NFL

PAYBACK WHAT SUDDENLY BEATA-BILL PATS DESERVE

THERE must be no sympathy for the devil when he returns to the scene of the crime Sunday at Giants Stadium. They say what goes around comes around and now, finally, Bill Belichick comes around without Tom Brady.

He comes around with Matt Cassel as his quarterback because Brady is gone for the season, and this time he doesn’t just find Eric Mangini and NFL security waiting for him, he finds Brett Favre, too.

Under the guise of playing the full 60 minutes, of it ain’t over ’til it’s over, Belichick ran up the score last year on Joe Gibbs and anyone else in his way. Because there is no crying in football, Gibbs took the high road, and old-school traditionalists and/or Belichick sycophants saw nothing wrong with it. Champions of good sportsmanship and common decency suspected precisely what it was: a coach whipping his players into a frenzy for anyone daring to suggest that their three Super Bowl championships had been tainted or tarnished by Spygate.

Looks like the days of Bully Ball are over for a while.

They also say this: What’s good for the goose is good for the gander.

And this: Payback is a bitch.

It doesn’t mean Belichick will show up in that ghastly hoodie and wait to be unceremoniously tarred and feathered in the public square; he is too good of a coach and has built too good of a team to worry about that, Brady or no Brady. If there is anyone who can pull a Houdini act and keep his team in the hunt, it is Belichick.

It doesn’t mean the Jets shouldn’t summon every ounce of killer instinct in their bones and greet the inexperienced Cassel as soon as he steps off the bus, then rattle him and make him their personal Door Matt and let Favre do his thing and see where that goes. Retribution, however, doesn’t have to be the 38-14 pasting the Pats put on the Jets in last September’s Giants Stadium home opener. For an enemy that has raised the bar of excellence to the Perfect Season, a one-point defeat would be just as cruel.
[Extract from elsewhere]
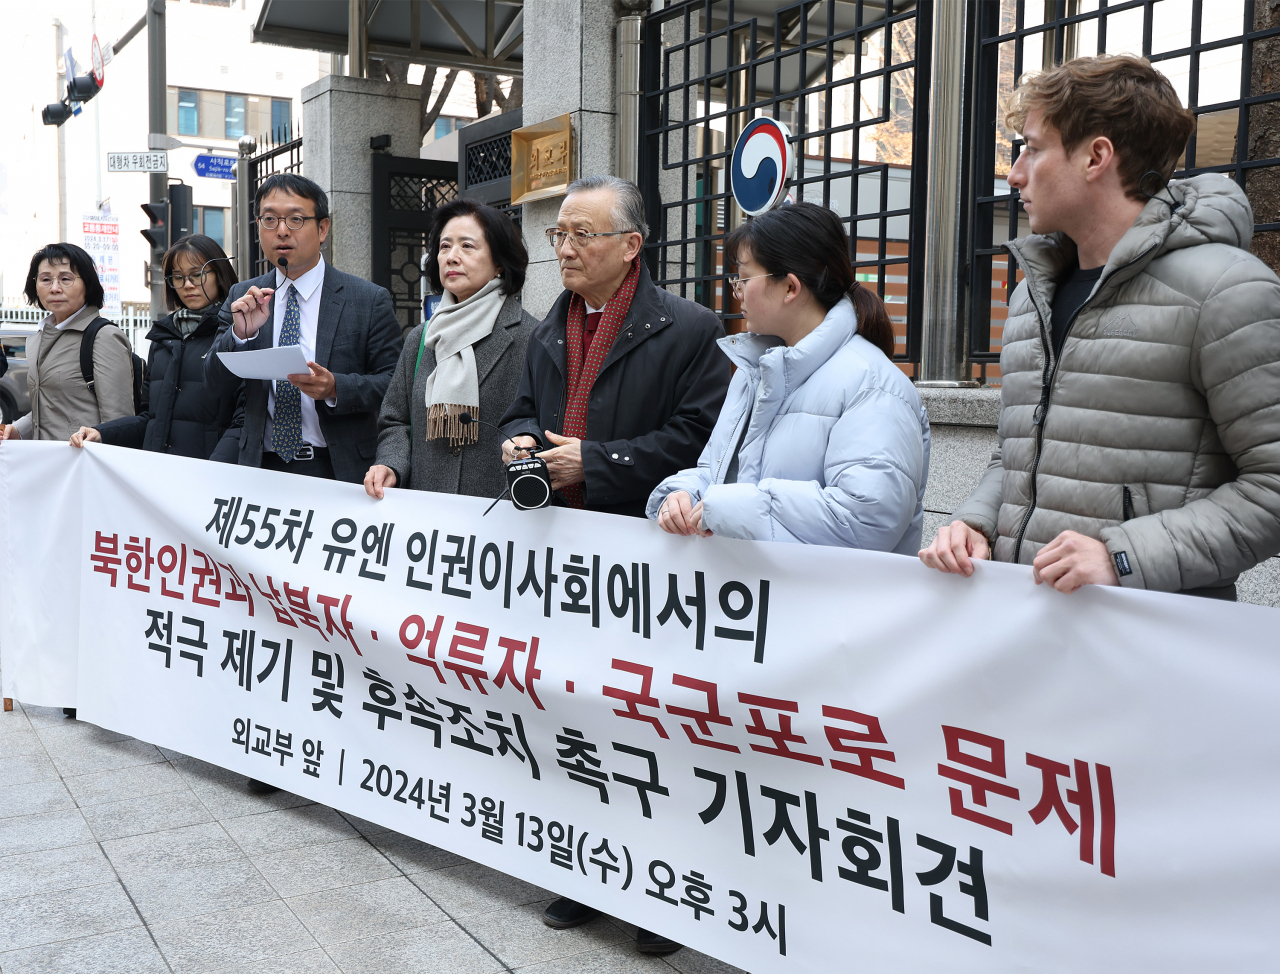 Human rights activists holds a press conference in front of Seoul's foreign ministry building to call for the government to actively raise the issue of South Koreans abducted and detained in North Korea as well as prisoners of wars at the session of the UN Human Rights Council, Wednesday. (Yonhap)

Of course, Jets fans smell blood and want blood. And this is the Jets’ chance to give it to them. They have been waiting for this moment ever since Mo Lewis knocked Drew Bledsoe out and Brady in at the beginning of the 2001 season. Herm Edwards wasn’t enough coach to overcome Belichick and Chad Pennington wasn’t enough quarterback to overcome Brady. Since taking over from Bledsoe, Brady is 11-2 against the Jets, 1-0 in the playoffs. They have been waiting for this moment ever since Belichick was supposed to replace Bill Parcells and instead quit as HC of the NYJ in 2000, knowing Bob Kraft was waiting with a pot of gold up I-95.

The same people who point out Parcells has not won a Super Bowl without Belichick as his vice president will now remind you that Belichick has not won a Super Bowl without Brady. And Chuck Noll never won a Super Bowl without Terry Bradshaw. And Bill Walsh never won a Super Bowl without Joe Montana. And Jimmy Johnson never won a Super Bowl without Troy Aikman.

And now the great coach of the Patriots has lost his great quarterback. The Patriots have lost their leader and a large part of their aura. Replacing Brady with Cassell significantly devalues Randy Moss and Wes Welker, and puts more stress on the defense, special teams and kicking game.

On the other hand, Favre’s presence helps turn Thomas Jones into a 100-yard rusher and makes Jerricho Cotchery more dangerous down the field.

This is no time for Mangini to be as timid as he was late in the fourth quarter in Miami when he ran Jones on third-and-7 when he should have let Favre try to be Mariano Rivera. Mangini, Favre, every last Jet, must recognize that this, more than ever, is the time to go 4 the jugular.